**Data extract:**
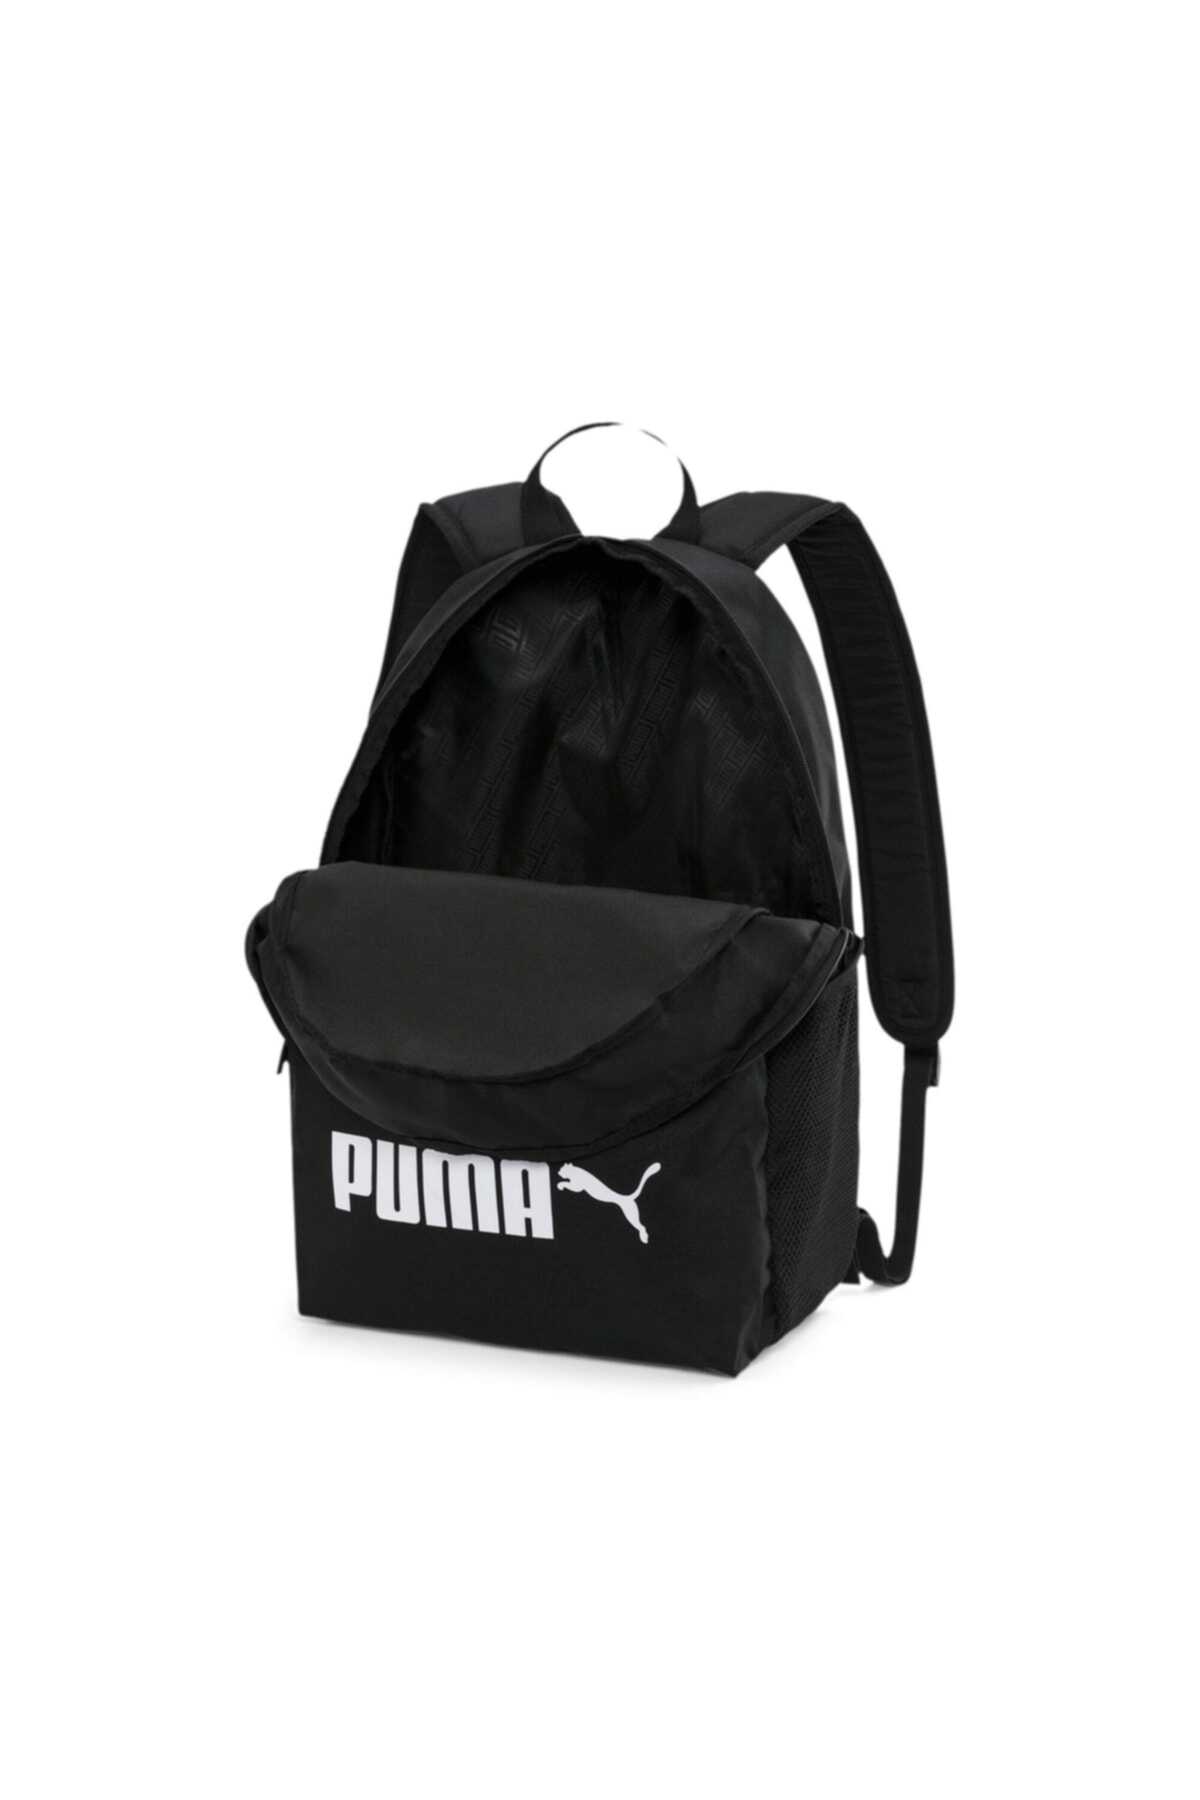 کوله پشتی چاپ دار یونیسکس مشکی برند Puma 
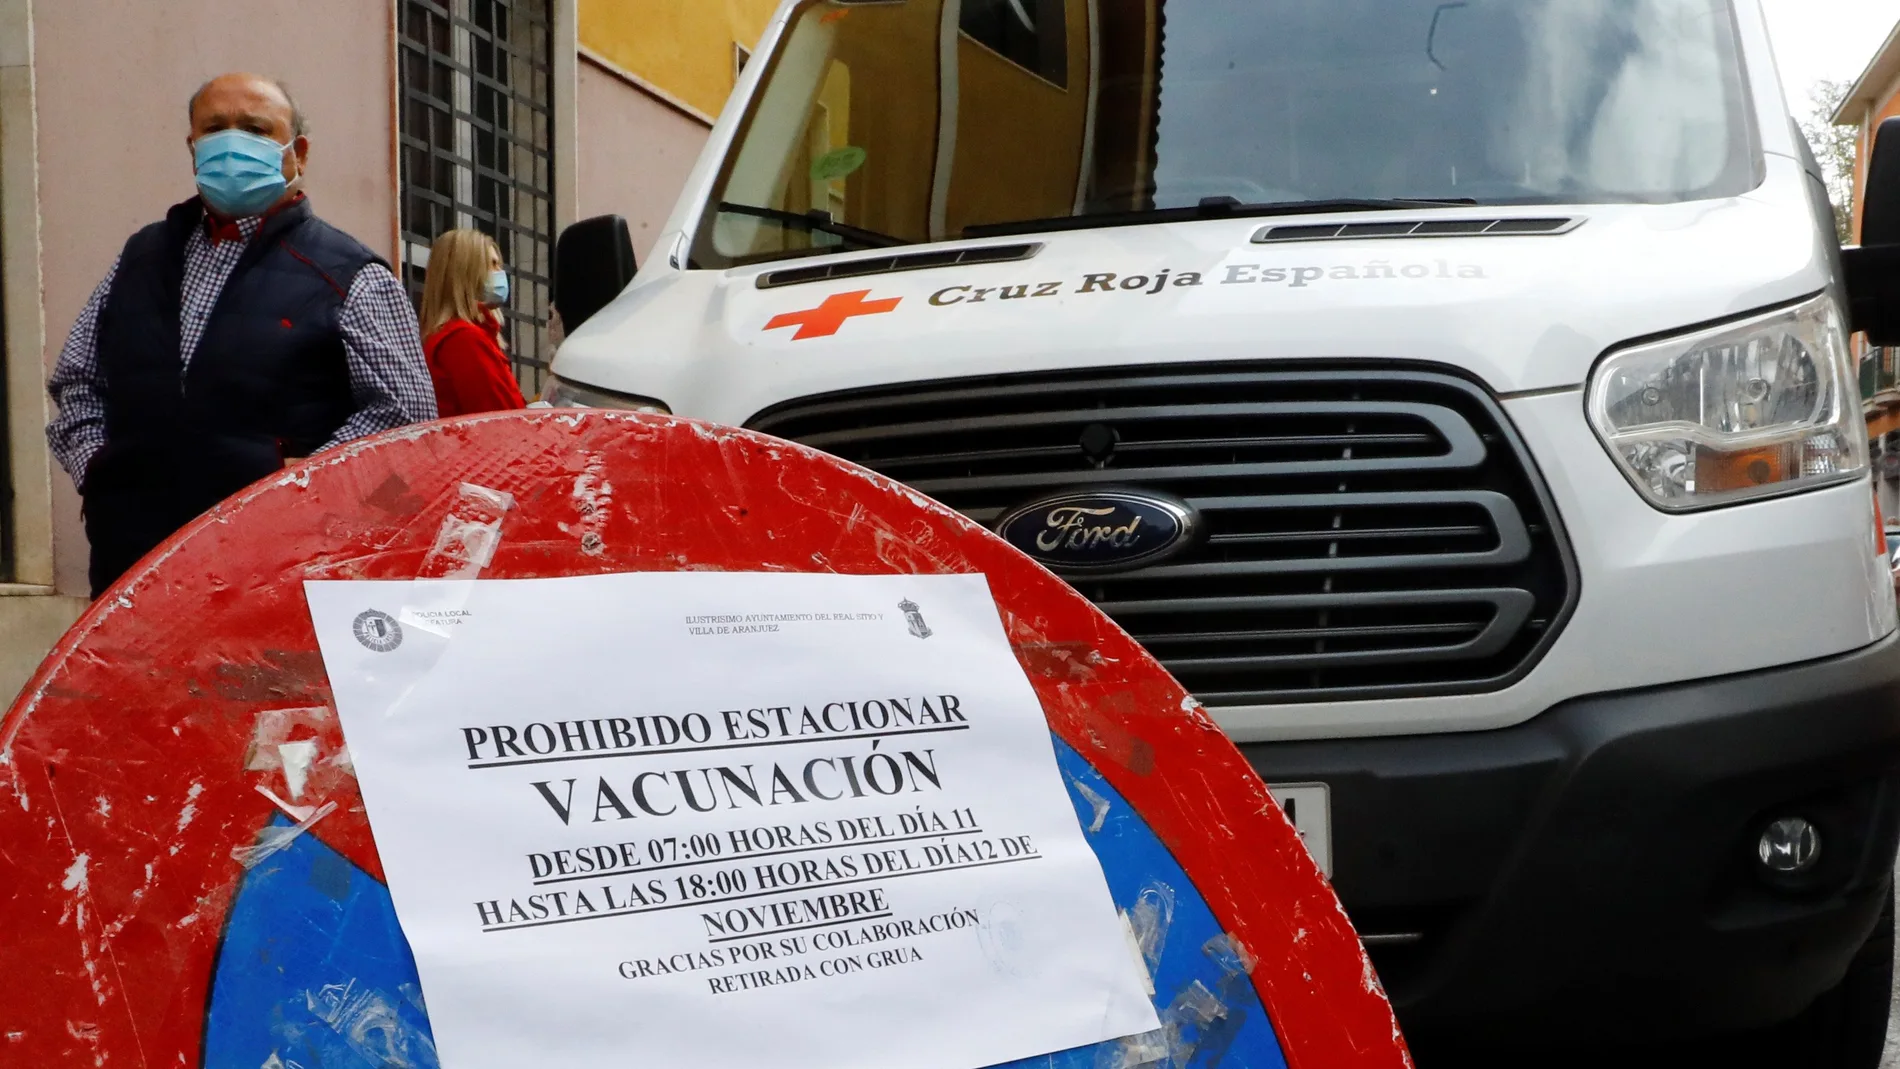 Campaña de vacunación contra la gripe de la Cruz Roja este jueves en la localidad madrileña de Aranjuez, Madrid
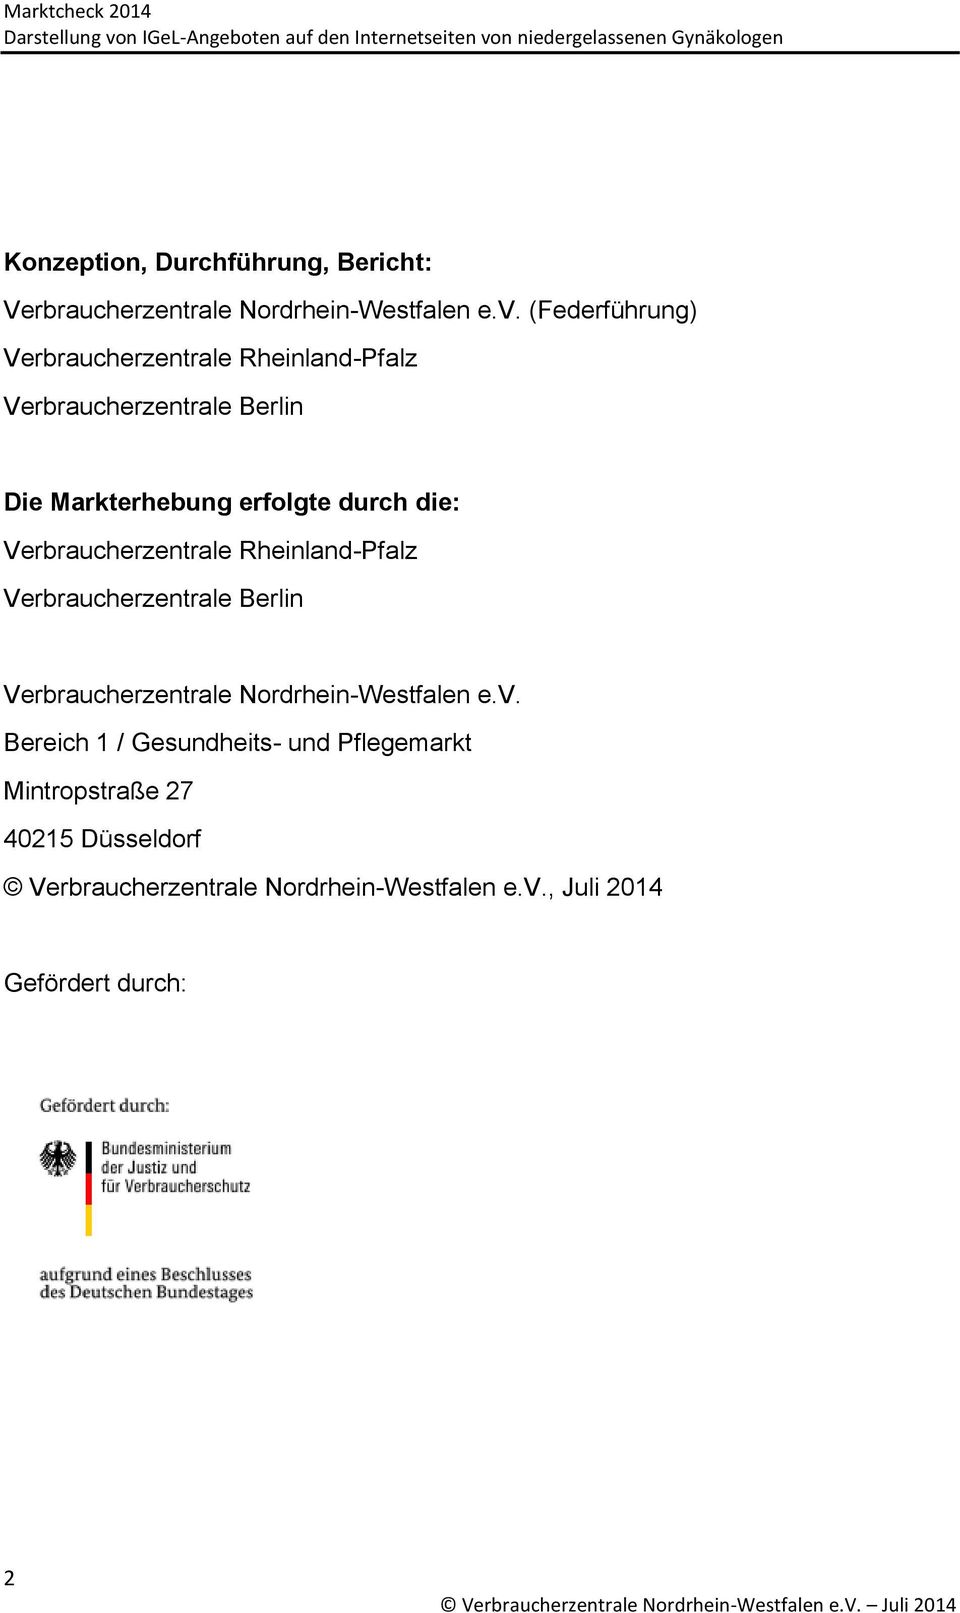 die: Verbraucherzentrale Rheinland-Pfalz Verbraucherzentrale Berlin Verbraucherzentrale Nordrhein-Westfalen e.v.

**About this exercise:** Retype verbatim only the lines beginning with the line that contains "Campaña de vacunación" and ending with the last line of the listing above; pictures are to be excluded.

**Your solution:**
 Campaña de vacunación contra la gripe de la Cruz Roja este jueves en la localidad madrileña de Aranjuez, Madrid
 die: Verbraucherzentrale Rheinland-Pfalz Verbraucherzentrale Berlin Verbraucherzentrale Nordrhein-Westfalen e.v.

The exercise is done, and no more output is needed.